Data in this exercise —

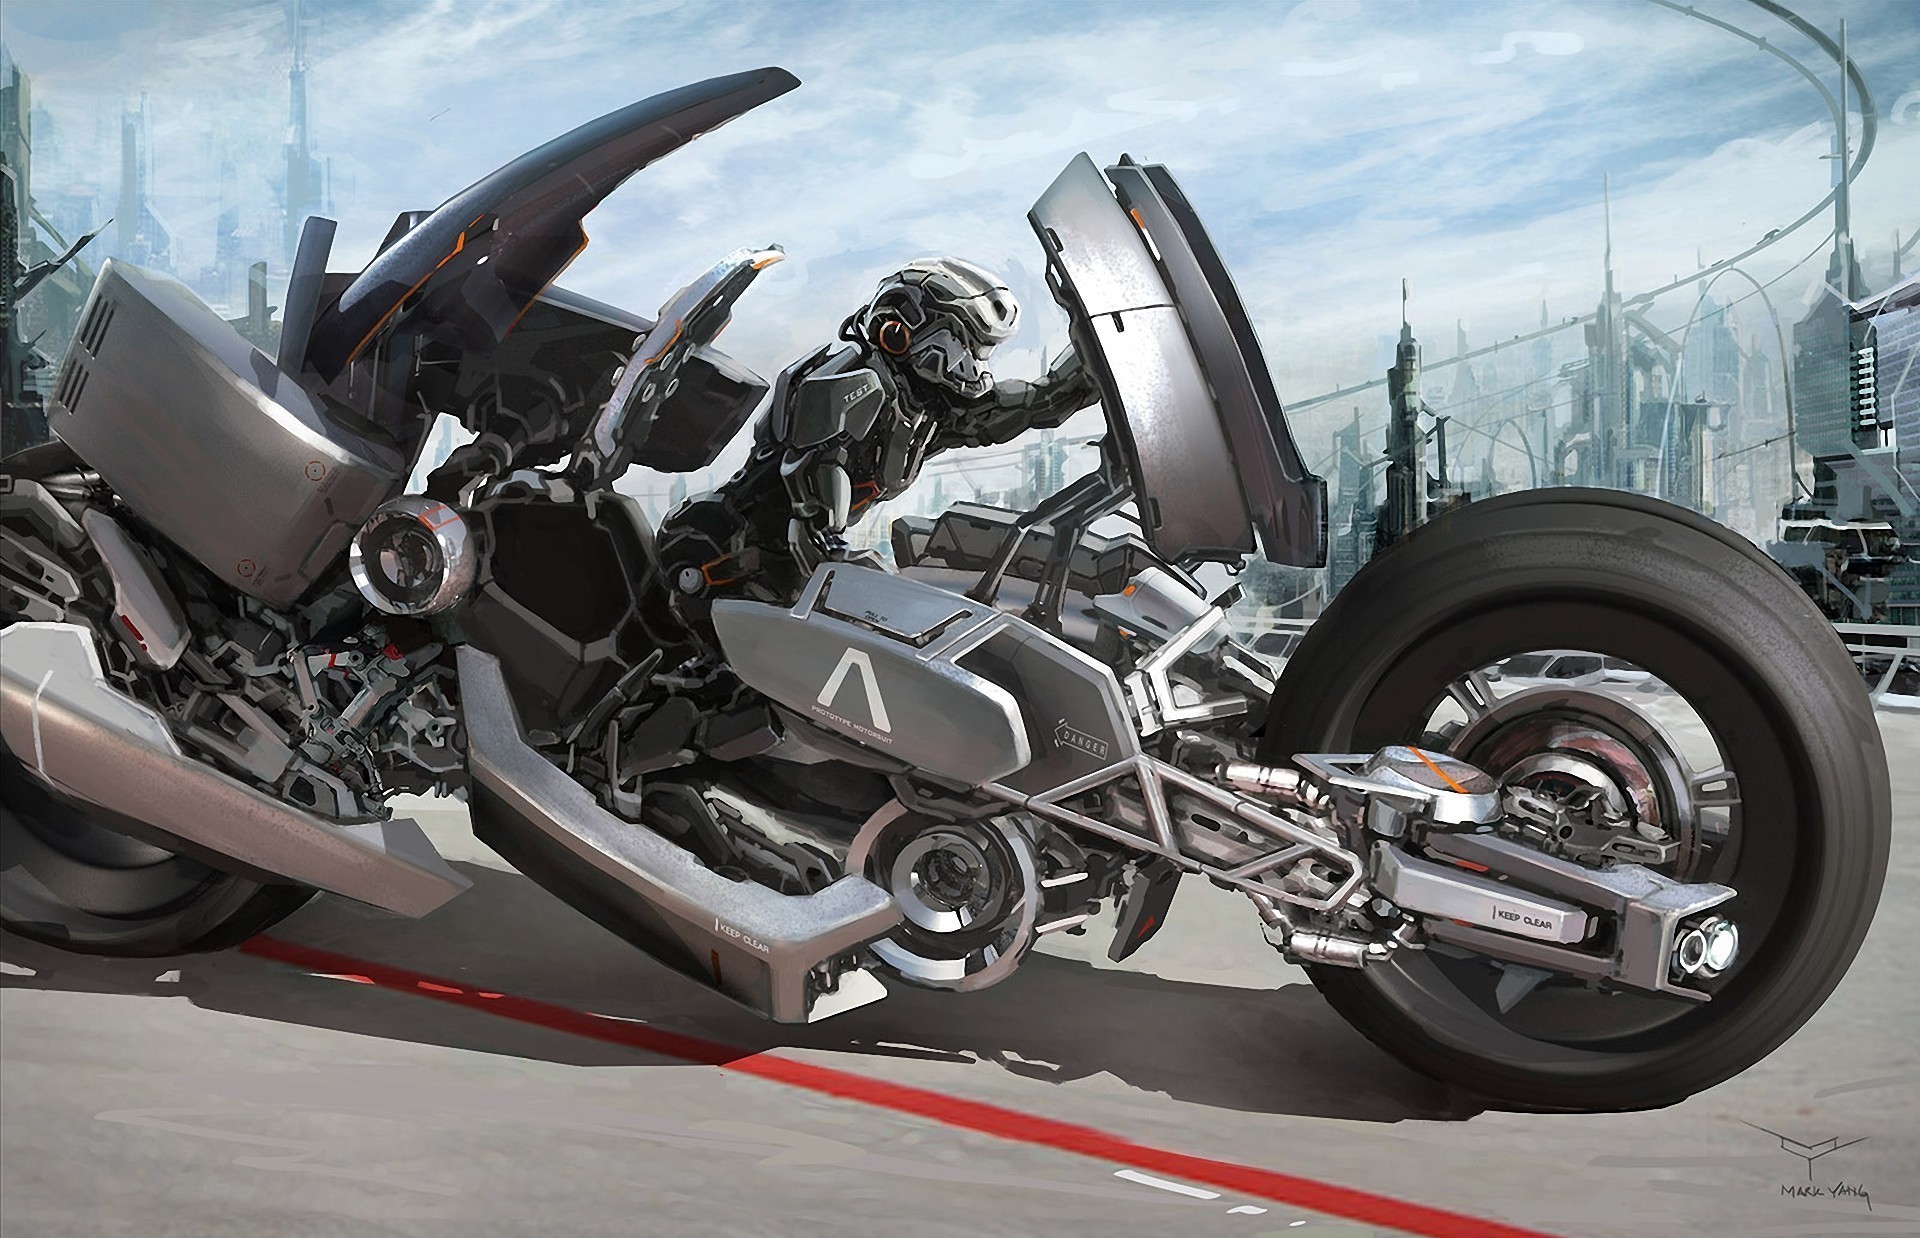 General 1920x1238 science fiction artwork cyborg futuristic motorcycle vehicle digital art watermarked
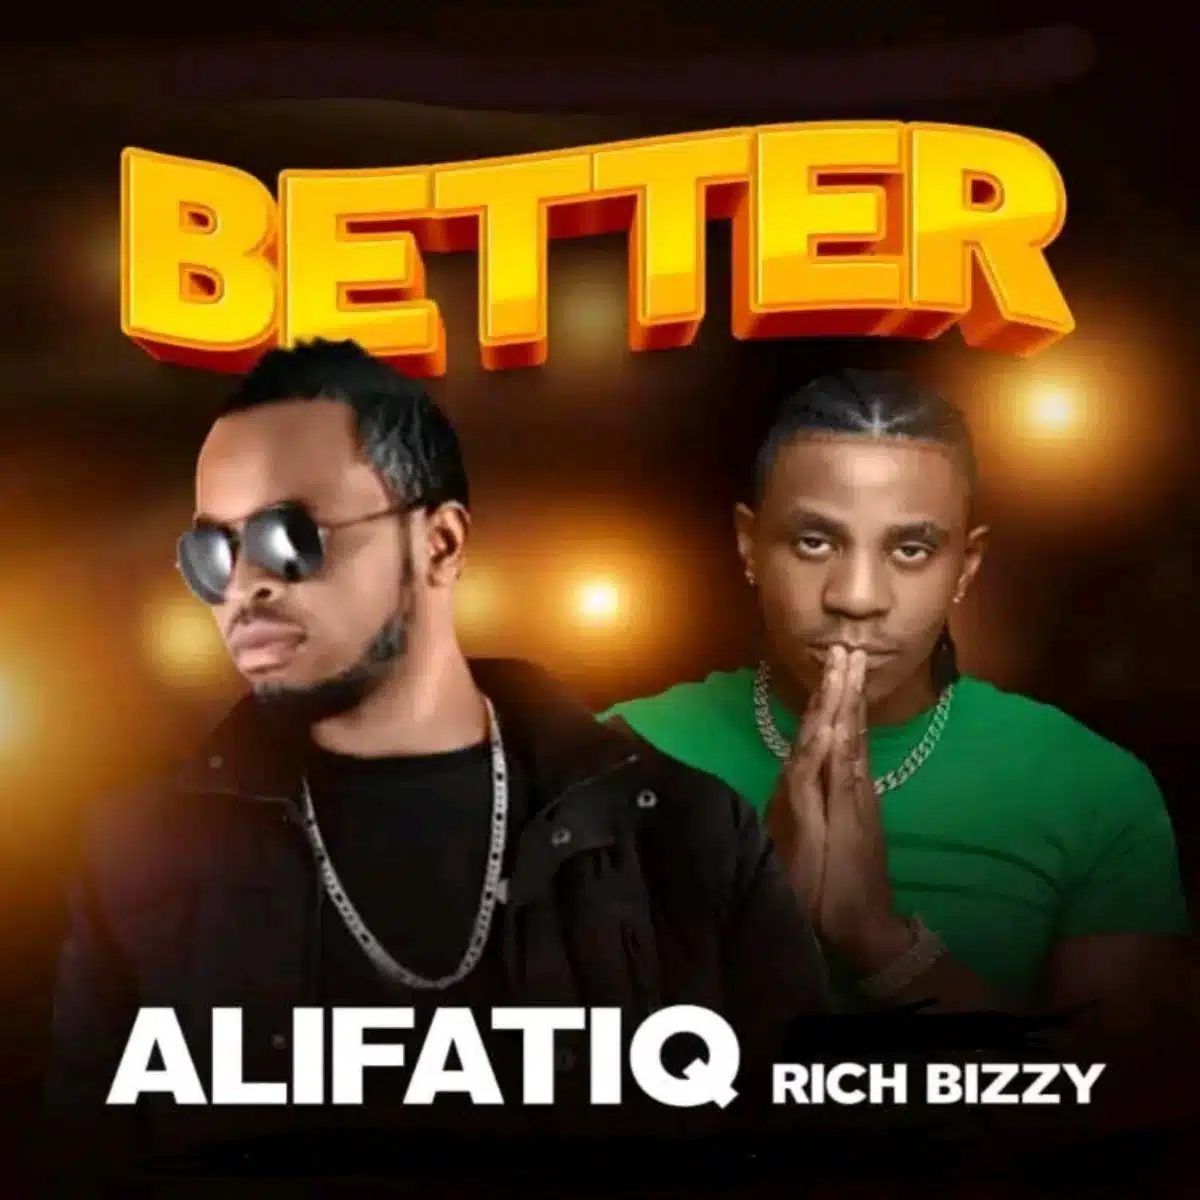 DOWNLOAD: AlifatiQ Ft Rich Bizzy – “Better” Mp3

...

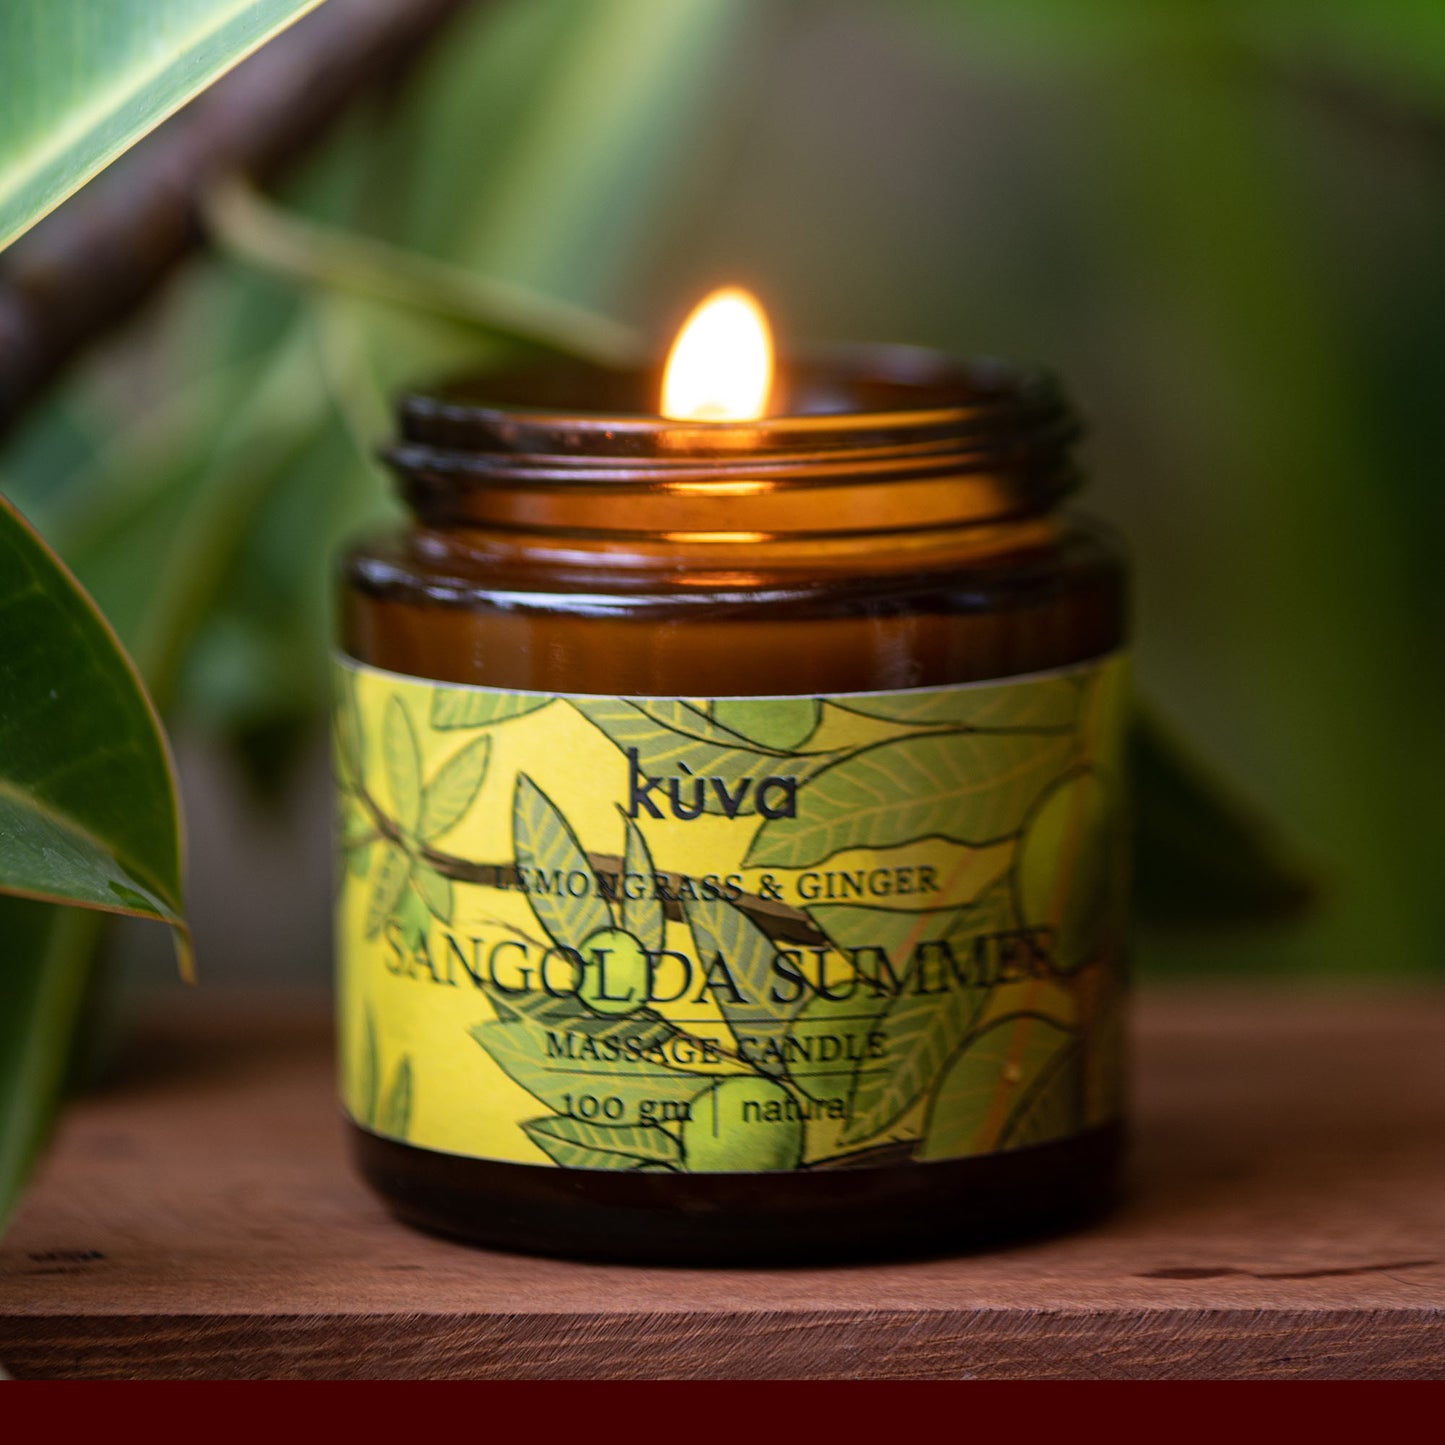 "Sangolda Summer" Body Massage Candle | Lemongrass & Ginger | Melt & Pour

Activity —
In the entries above, find the line with "General 1920x1238 science" and the line with "DOWNLOAD: AlifatiQ Ft". Return exactly those lines and all the ones between them, pictures excluded.

Response —
 General 1920x1238 science fiction artwork cyborg futuristic motorcycle vehicle digital art watermarked
 DOWNLOAD: AlifatiQ Ft Rich Bizzy – “Better” Mp3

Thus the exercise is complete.